Paper 2 demonstrates exceptional methodological rigor through mechanized Coq proofs and applies foundational computer science theory (Rice's Theorem) to a critical, timely issue. By mathematically proving the structural failure of current behavioral AI governance and proposing a verifiable architectural solution, it offers a definitive, highly actionable paradigm shift for AI safety with massive real-world implications.
Paper 2 presents a novel formal framework for AI governance grounded in Rice's theorem, with mechanized Coq proofs (454 theorems), establishing a fundamental theoretical result about the structural impossibility of behavioral AI governance. This addresses a critical, timely problem with broad implications across AI safety, policy, and systems architecture. Paper 1, while practical, is more incremental—applying known cognitive science concepts to LLM memory management with modest empirical gains. Paper 2's formal rigor, foundational nature, and cross-disciplinary relevance (CS theory, policy, AI safety) give it higher potential for lasting scientific impact.
Paper 2 provides novel empirical evidence of a concrete, previously undemonstrated security threat—subliminal transfer of unsafe behaviors during AI agent distillation—with immediate implications for AI safety and deployment. Its findings that keyword filtering is insufficient to prevent behavioral bias transfer are directly actionable and alarming for the rapidly growing field of agent-based AI. Paper 1, while intellectually rigorous with Coq-verified proofs, presents a largely theoretical governance framework whose practical adoption faces significant barriers. Paper 2's empirical novelty and direct relevance to urgent AI safety concerns give it broader and more timely impact.
Paper 1 presents a novel formal framework for AI governance with foundational theoretical contributions—applying Rice's theorem to prove undecidability of behavioral governance, introducing 'coterminous governance' as a new concept, and providing mechanized Coq proofs (454 theorems). This addresses a fundamental structural problem in AI safety/governance with broad implications across all deployed AI systems. Paper 2 offers an incremental improvement (1.18% average) on KGQA tasks with a narrower scope.
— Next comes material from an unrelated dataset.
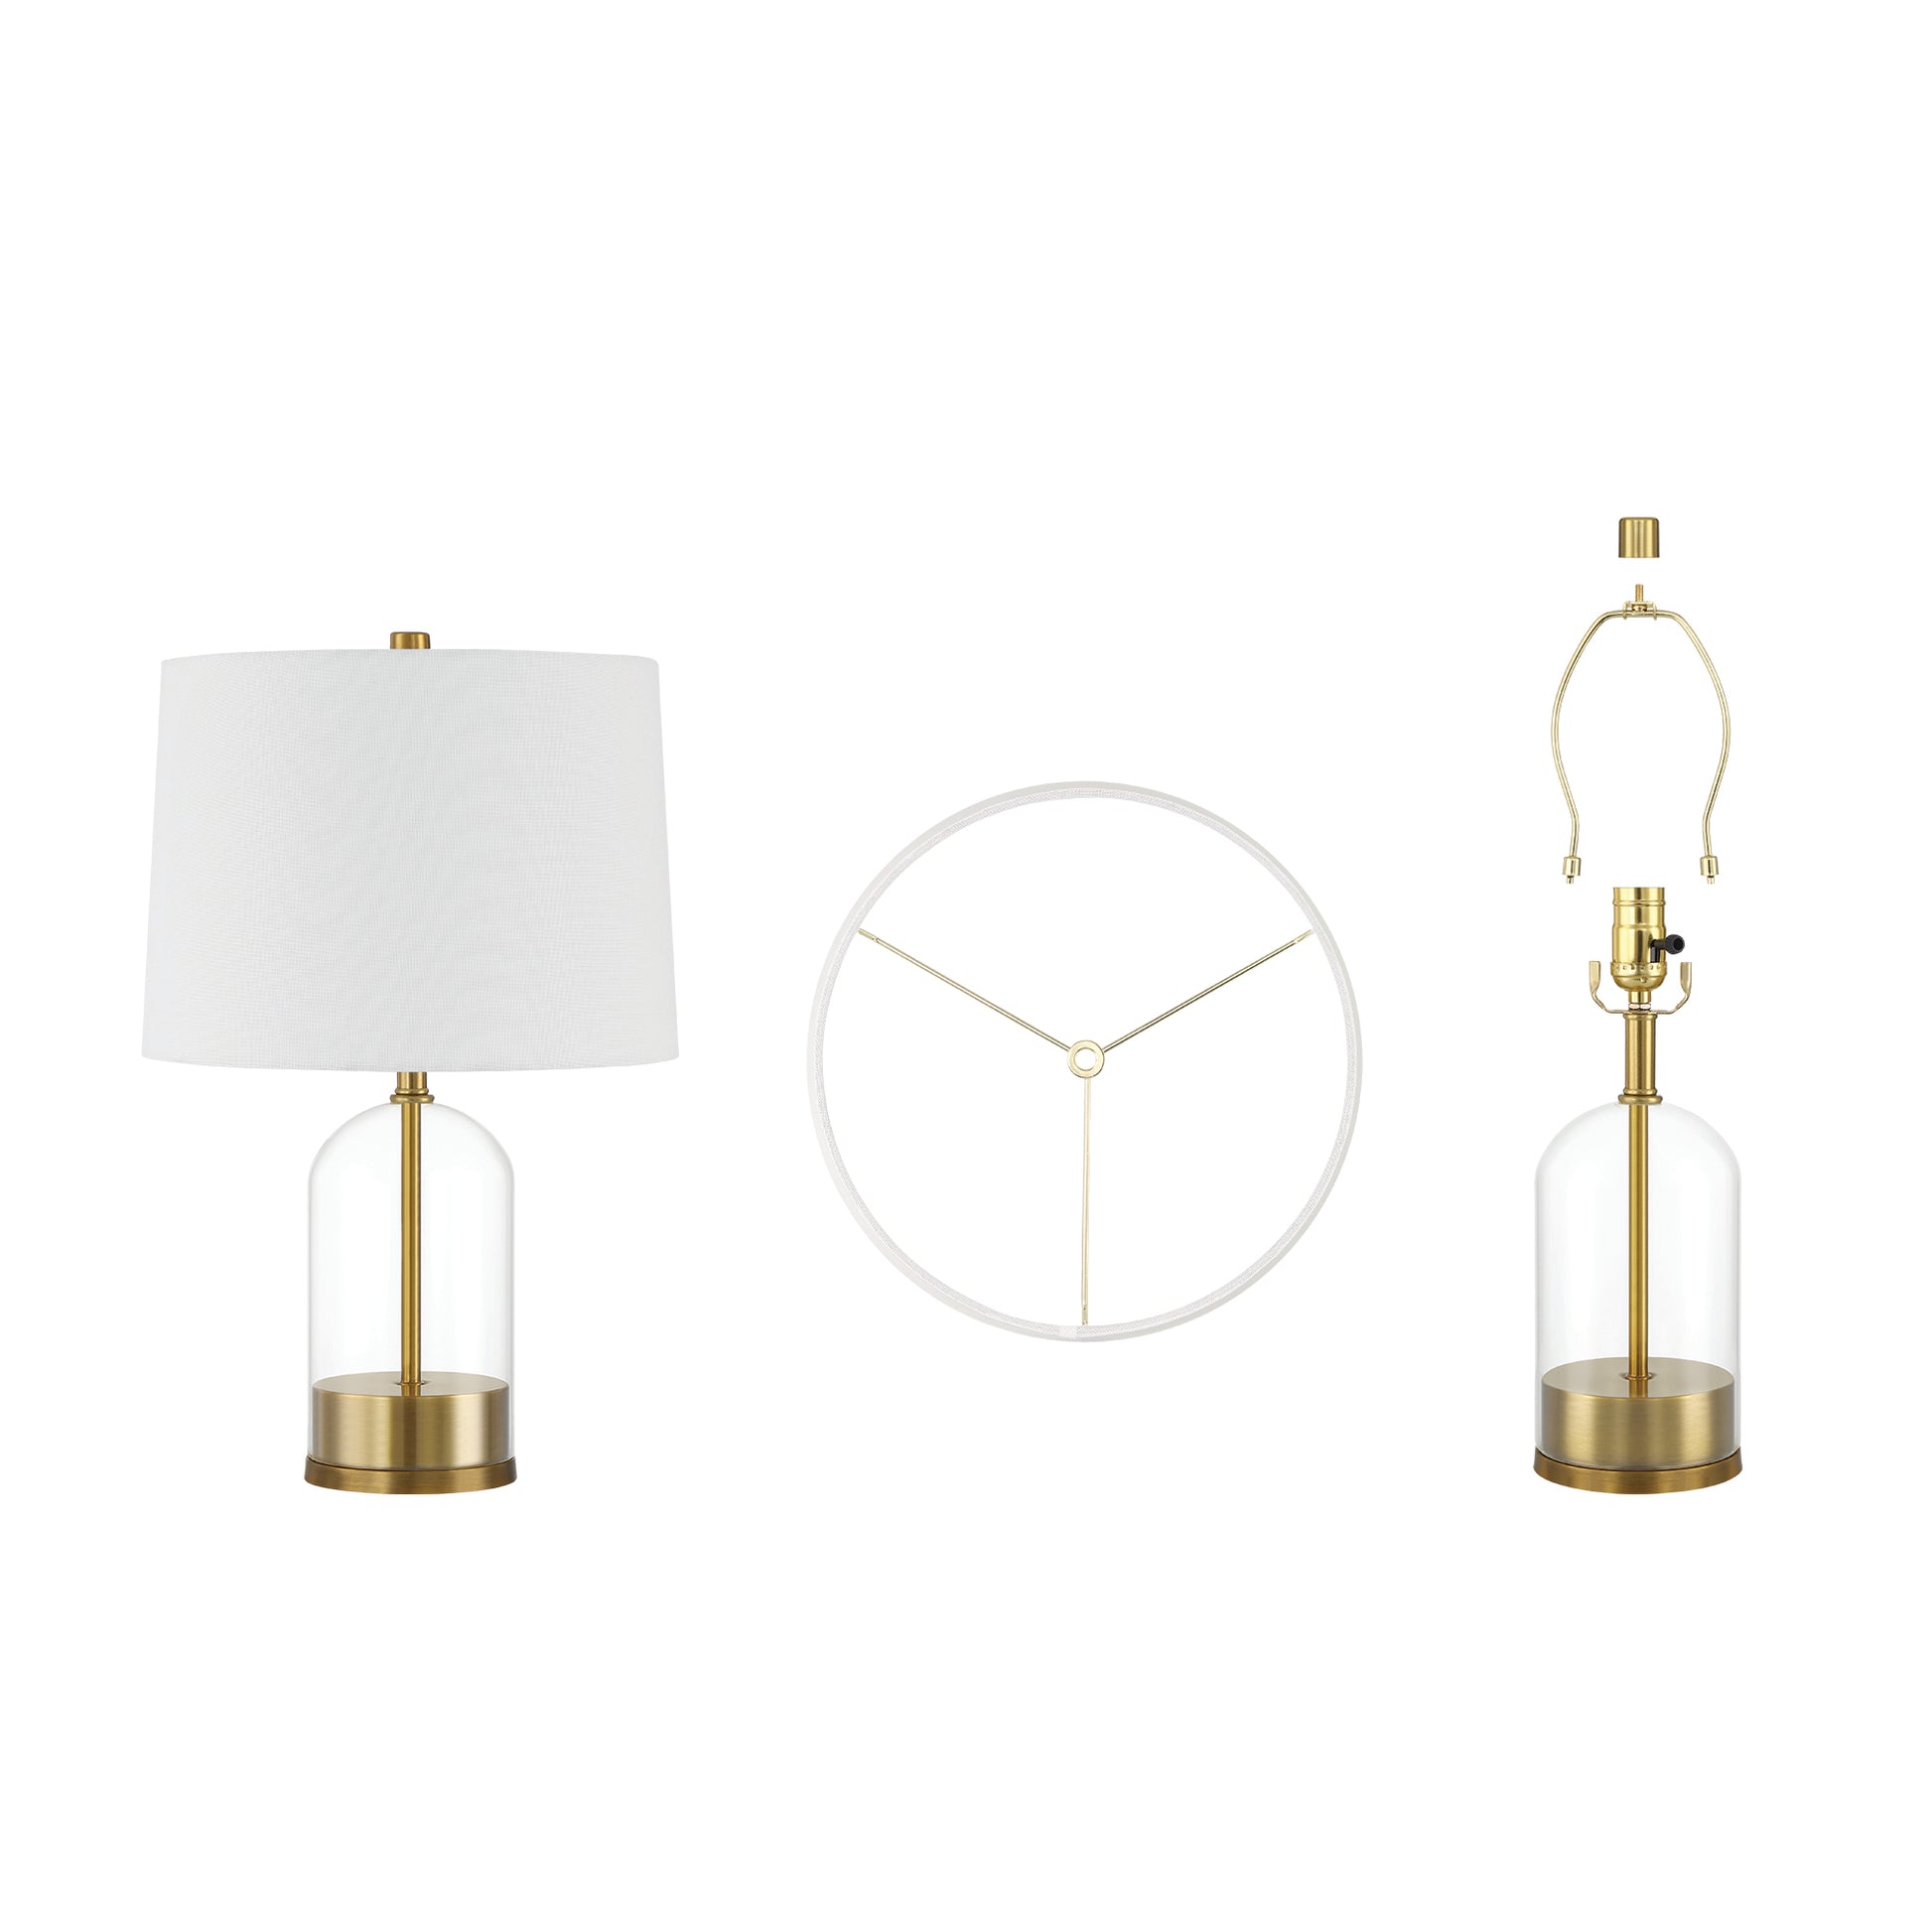 1 light golden table lamp set of 2 (6) by ACROMA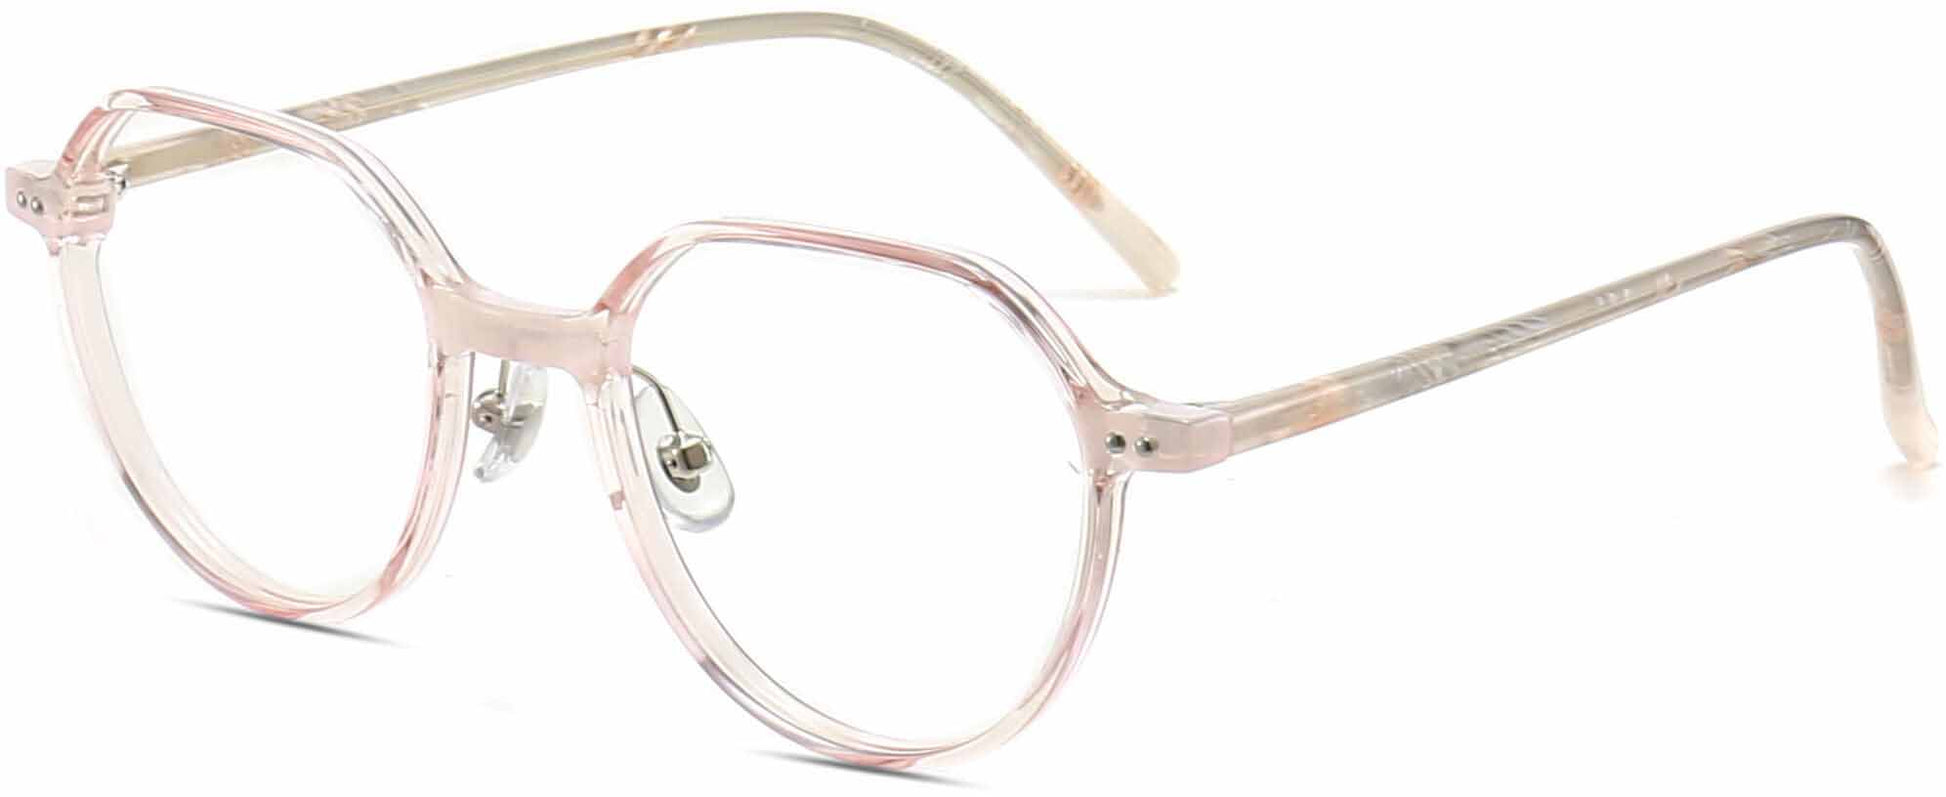 Messia Geometric Pink Eyeglasses from ANRRI, angle view

Paper 1's cross-disciplinary impact (AI safety, formal verification, policy) and timeliness given rapid AI deployment give it substantially higher potential impact.
MathNet provides a large-scale, publicly available benchmark resource (30,676 problems, 47 countries, 17 languages) that will likely be widely adopted by the AI research community for evaluating mathematical reasoning and retrieval capabilities. Benchmarks of this quality and scale tend to accumulate high citations and drive research agendas. Paper 1 presents an intellectually interesting formal framework for AI governance with Coq proofs, but its highly theoretical nature, narrow focus on effect governance, and lack of empirical validation limit its near-term adoption and breadth of impact across the research community.
Paper 1 presents a novel formal framework for AI governance with fundamental theoretical contributions—applying Rice's theorem to prove structural undecidability of behavioral governance and proposing 'coterminous governance' as a new architectural paradigm. The 454 Coq-mechanized theorems demonstrate exceptional rigor. Its implications span all deployed AI systems, making it broadly impactful across AI safety, formal methods, and policy. Paper 2, while practically useful, is a domain-specific application combining existing techniques (LLMs, deep learning classifiers) for speech therapy—incremental rather than foundational.